On Tuesday I spent nearly 20 hours putting the India proposal together. That's right -- writing, editing, changes, formatting, etc., were going on up until the last minute. But the good news is that the proposal is done and gone! No more India, at least until we get questions or a BAFO.
So basically, my client, their subcontractors and I worked on that proposal for almost two months. If you were to look at the first draft and the final version, you would see that every section (and probably every paragraph) is totally different. My guess is that we produced at least 15 drafts of the proposal over the two-month period.
That brings me to the title of this blog post -- egos and proposals. When you work on a proposal as part of a team you need to have thick skin and let your ego fly out the window. Oftentimes, whatever you write will be edited, changed, or thrown out by others. If you are new to proposal writing, it can be devastating to find that the pieces you worked so hard on were changed so drastically by other people that you no longer recognize them as pieces that you wrote. Or worse, that your pieces were not used at all. That is what happened to me when I first started writing, and I wondered why I even bothered to write stuff if no one was going to use it.
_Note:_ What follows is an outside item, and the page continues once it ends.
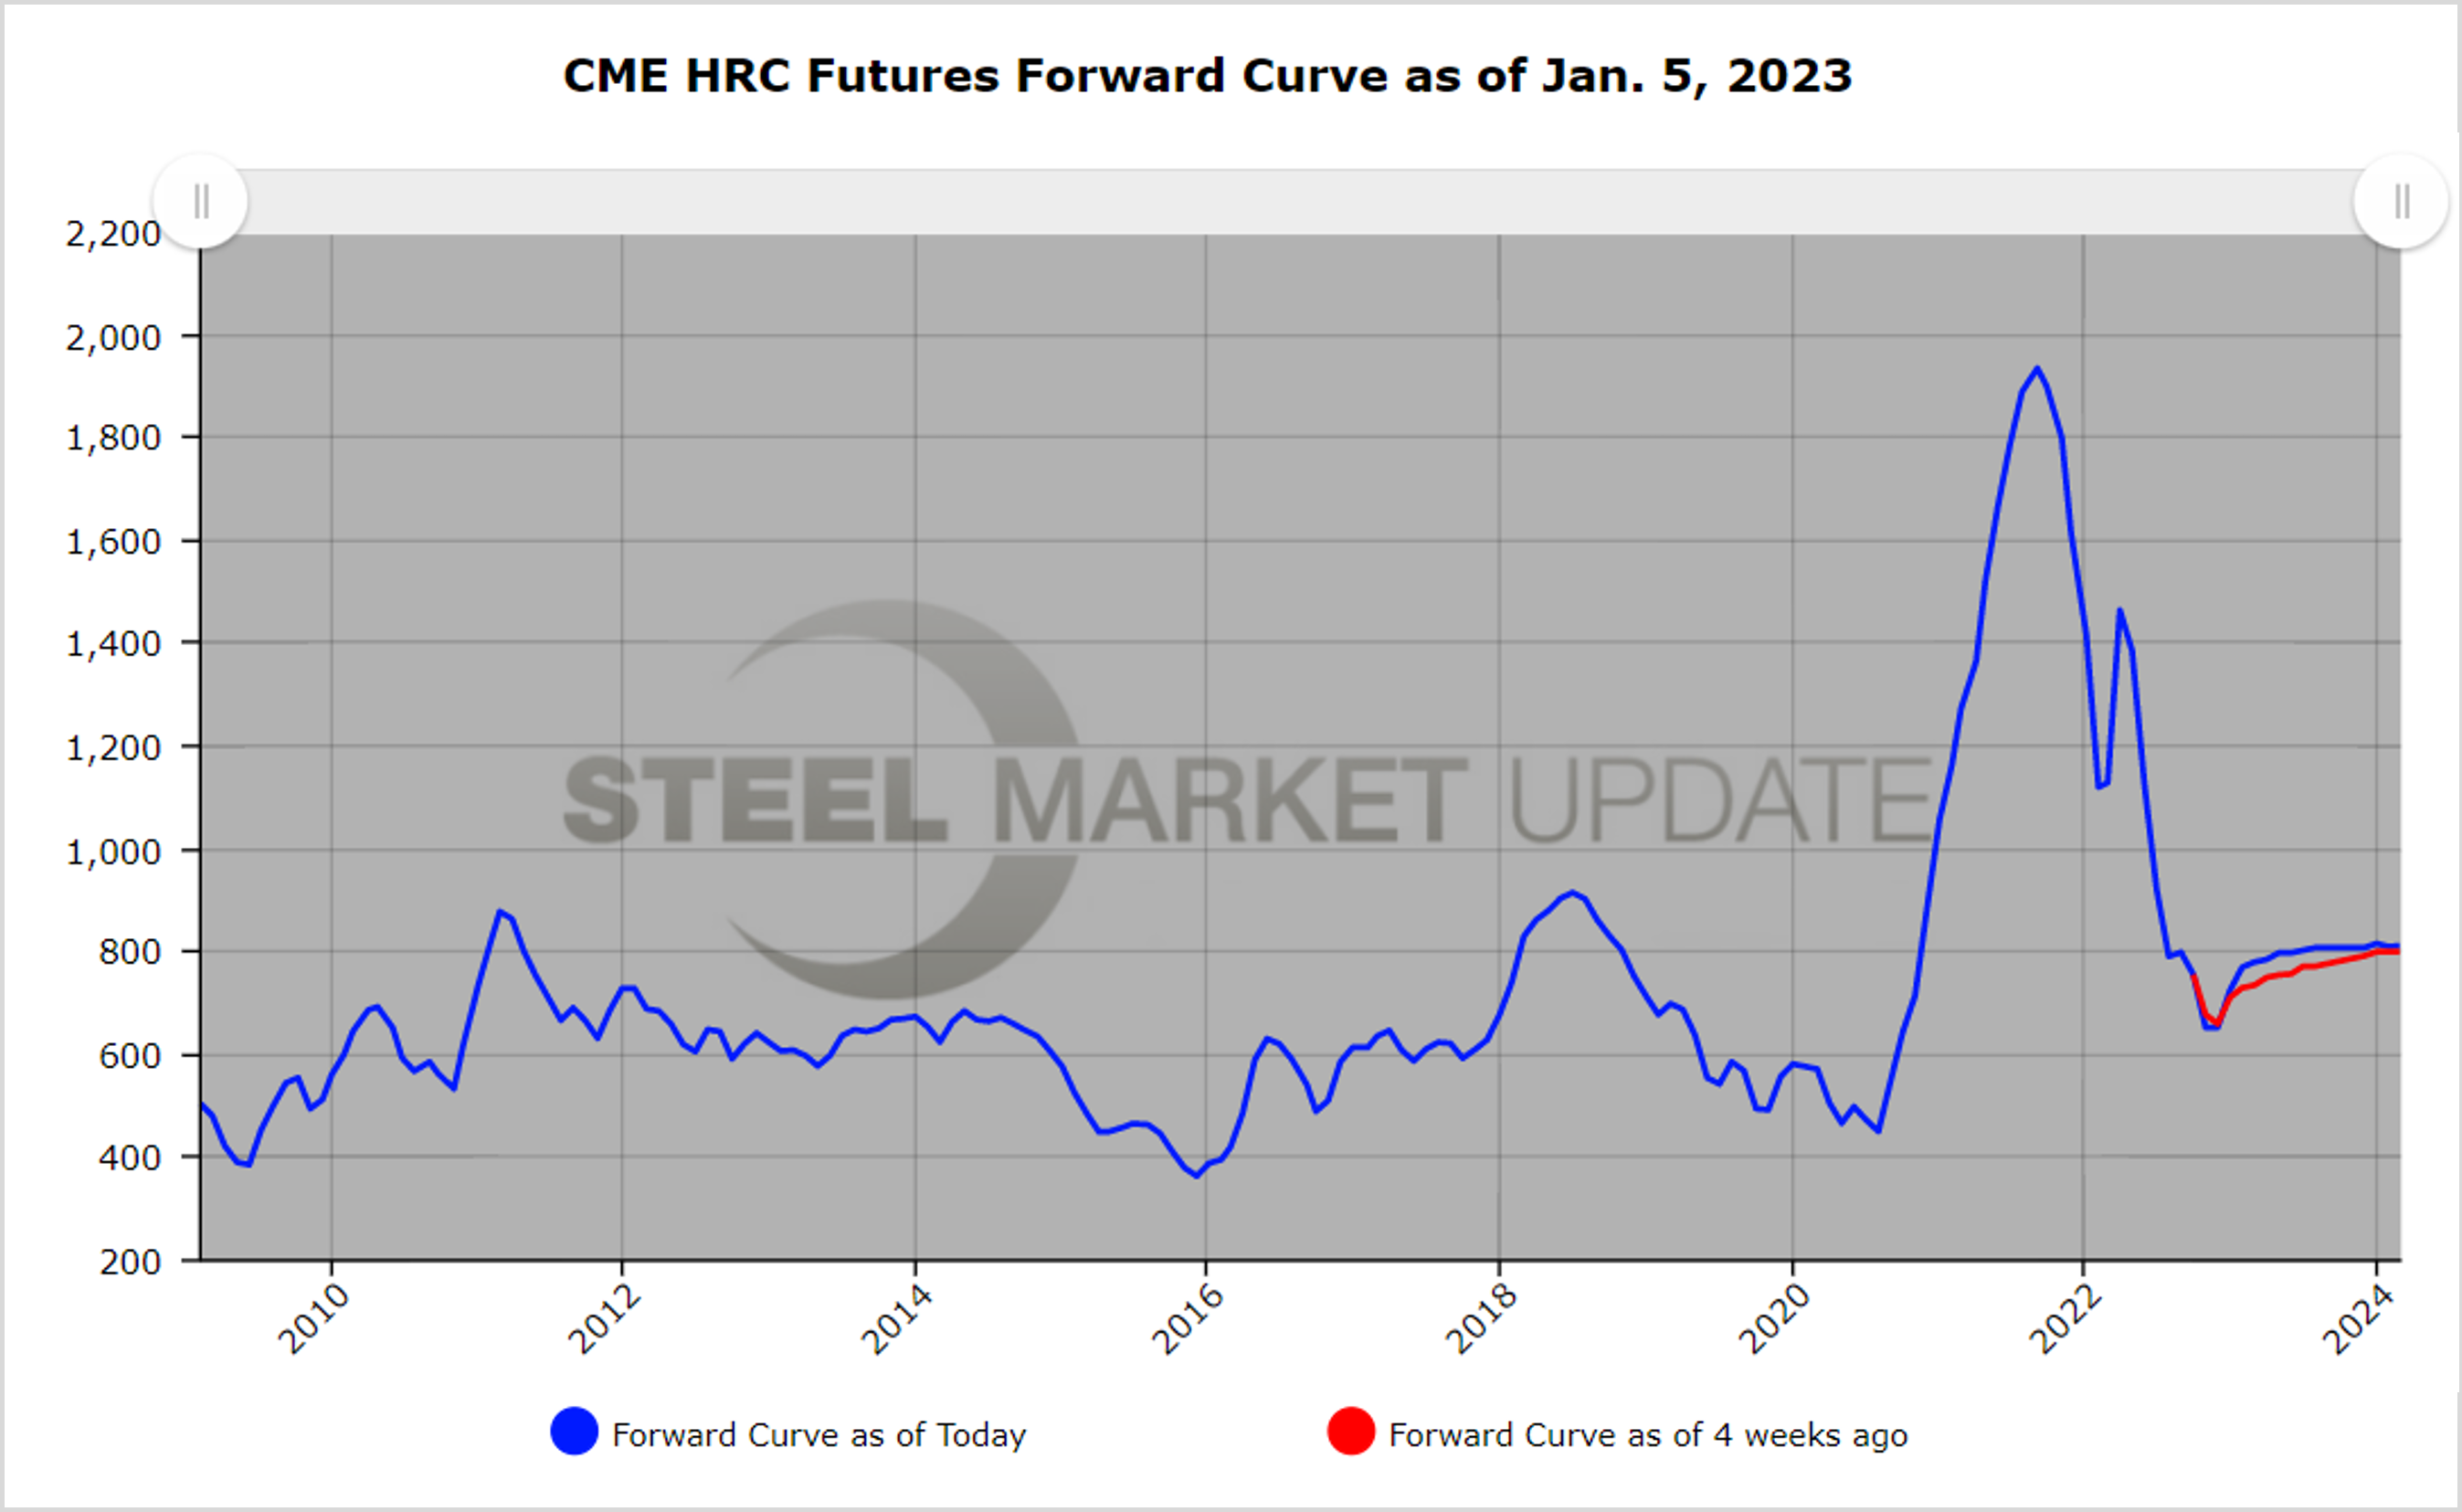 CME HRCFutures 010523.Fig1

It still happens to me. With the India proposal, for example, I wrote several pieces for various sections. In the final version of the proposal, I recognized perhaps two or three paragraphs and a few sentences that had been left intact. Everything else I had written had been changed or deleted. And the same was true for pieces written by everyone else.
Did it bother me? Not really. Did it bother others that their work wasn't used or had been heavily edited? I doubt it -- they were experienced proposal writers. And experienced proposal writers recognize that it is the end result that is important. The objective is to make the proposal as good as it can be. Making improvements to a proposal is part of the process, and it doesn't matter if it is you or other members of your proposal team who make those improvements.
So don't let your ego get in the way of a proposal. Everything you write can probably be improved upon by someone else. And in the end, the proposal will be better for it.